**What you will do:** When you reach the line containing "953bd2c6e6c4e7 Dzisiaj polecamy" in the entries below, begin reproducing lines exactly, and stop once the line containing "マイクロプロセッサ偽造パラメータヘリオケア カラーオイル フリーコンパクト" is done.

**Supplied data:**

- - - - -

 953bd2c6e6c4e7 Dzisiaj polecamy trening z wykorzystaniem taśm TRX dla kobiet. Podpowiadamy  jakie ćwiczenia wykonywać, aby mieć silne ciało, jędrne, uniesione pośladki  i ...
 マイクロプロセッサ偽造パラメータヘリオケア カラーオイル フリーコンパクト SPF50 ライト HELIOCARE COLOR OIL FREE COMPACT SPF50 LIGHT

- - - - -

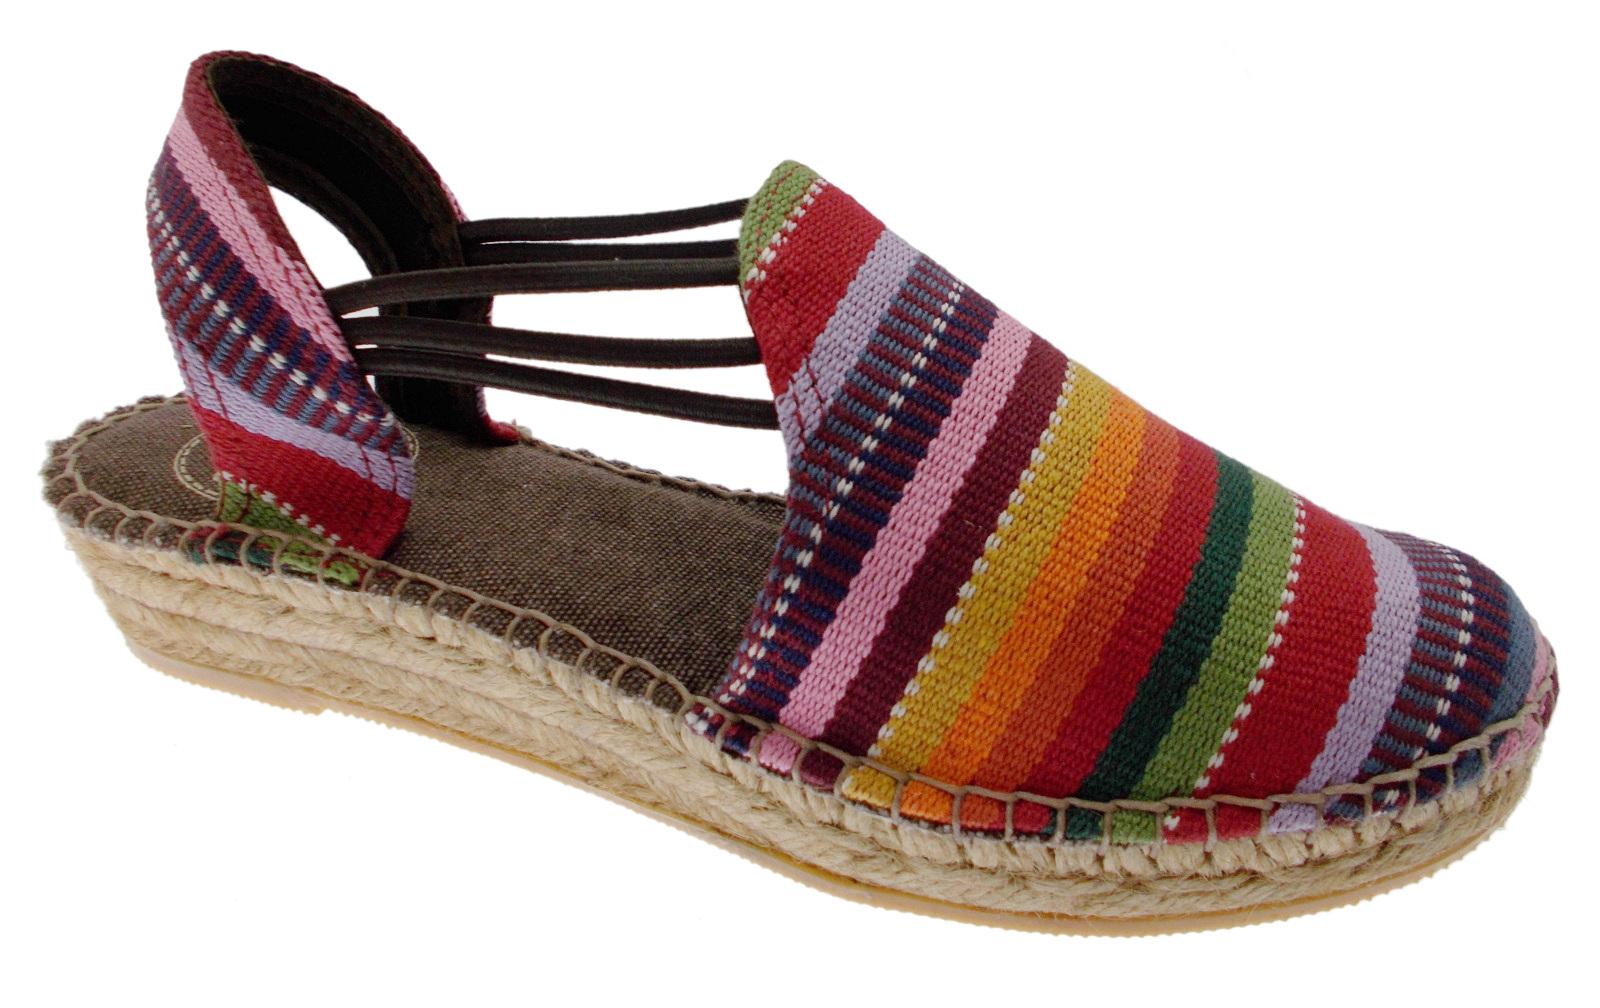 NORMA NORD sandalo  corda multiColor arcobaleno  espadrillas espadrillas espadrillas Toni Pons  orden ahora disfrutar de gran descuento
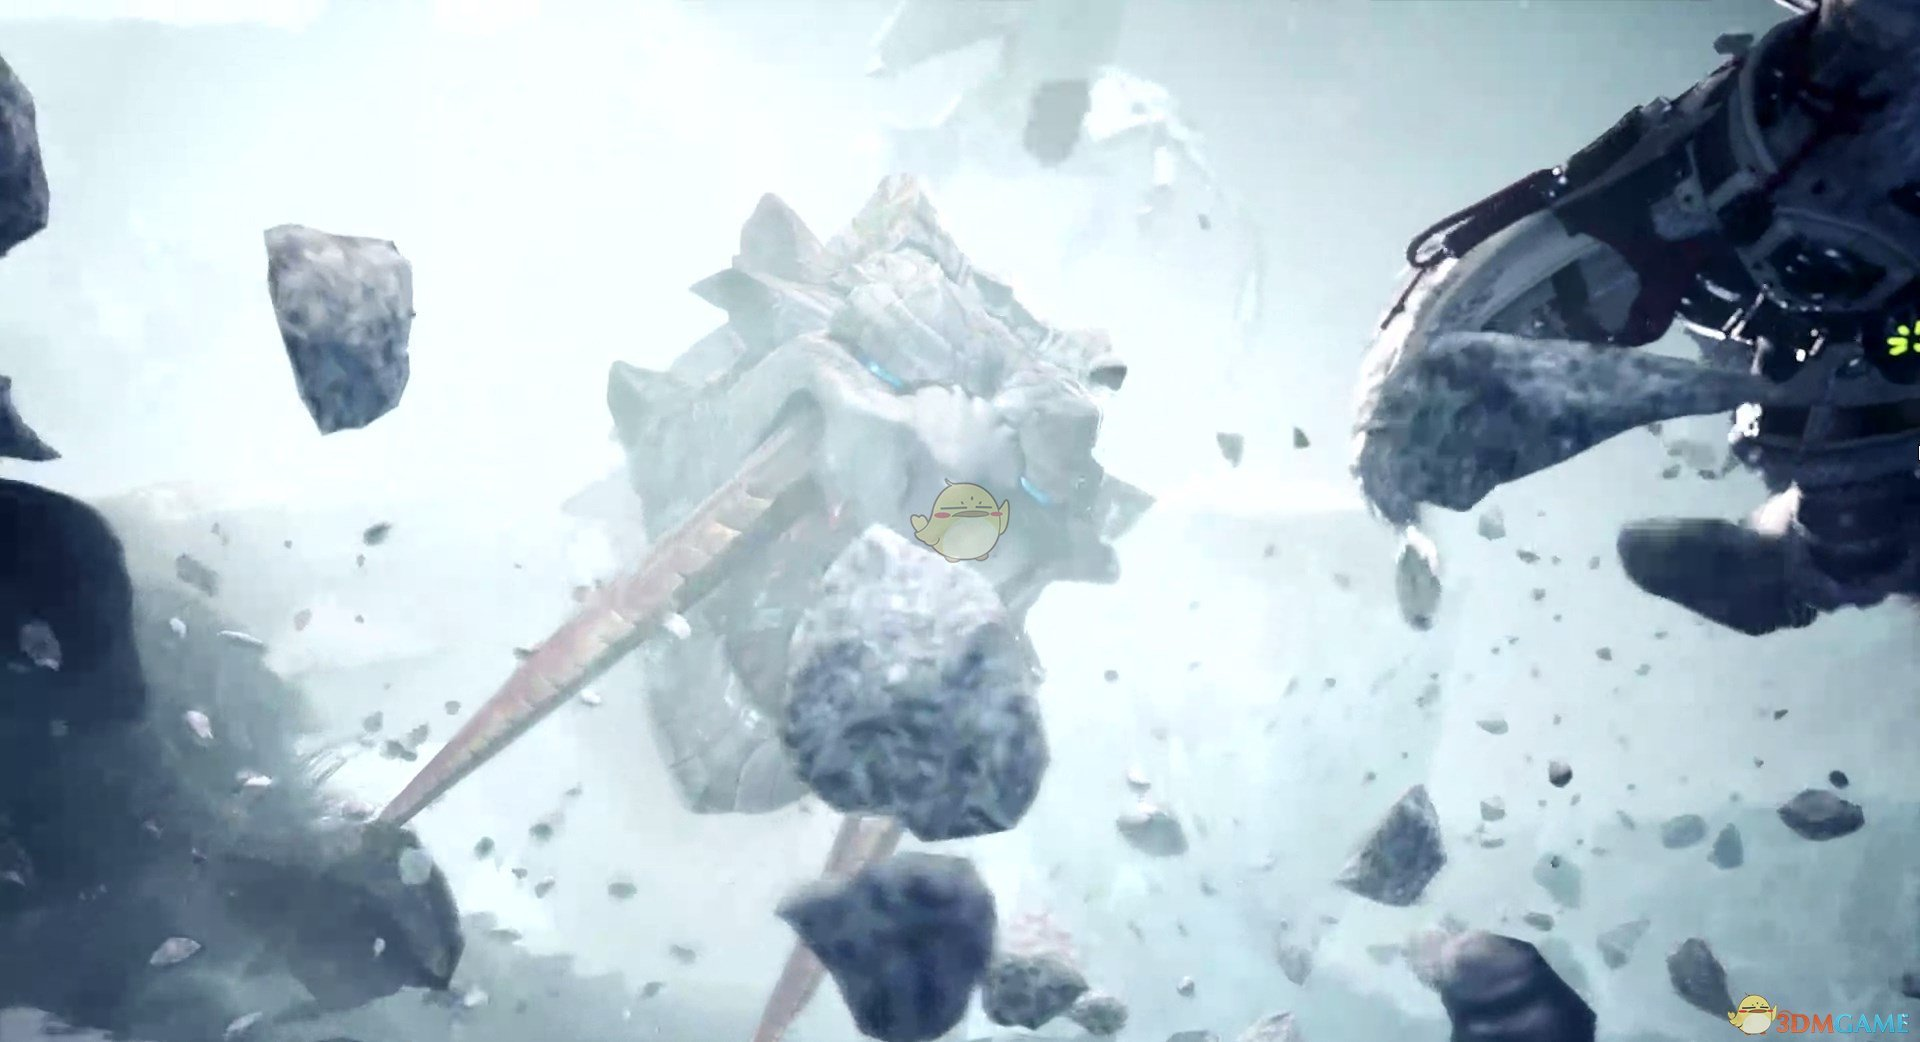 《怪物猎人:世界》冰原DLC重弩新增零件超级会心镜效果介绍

- - - - -

**Written answer:**
 953bd2c6e6c4e7 Dzisiaj polecamy trening z wykorzystaniem taśm TRX dla kobiet. Podpowiadamy  jakie ćwiczenia wykonywać, aby mieć silne ciało, jędrne, uniesione pośladki  i ...
 マイクロプロセッサ偽造パラメータヘリオケア カラーオイル フリーコンパクト SPF50 ライト HELIOCARE COLOR OIL FREE COMPACT SPF50 LIGHT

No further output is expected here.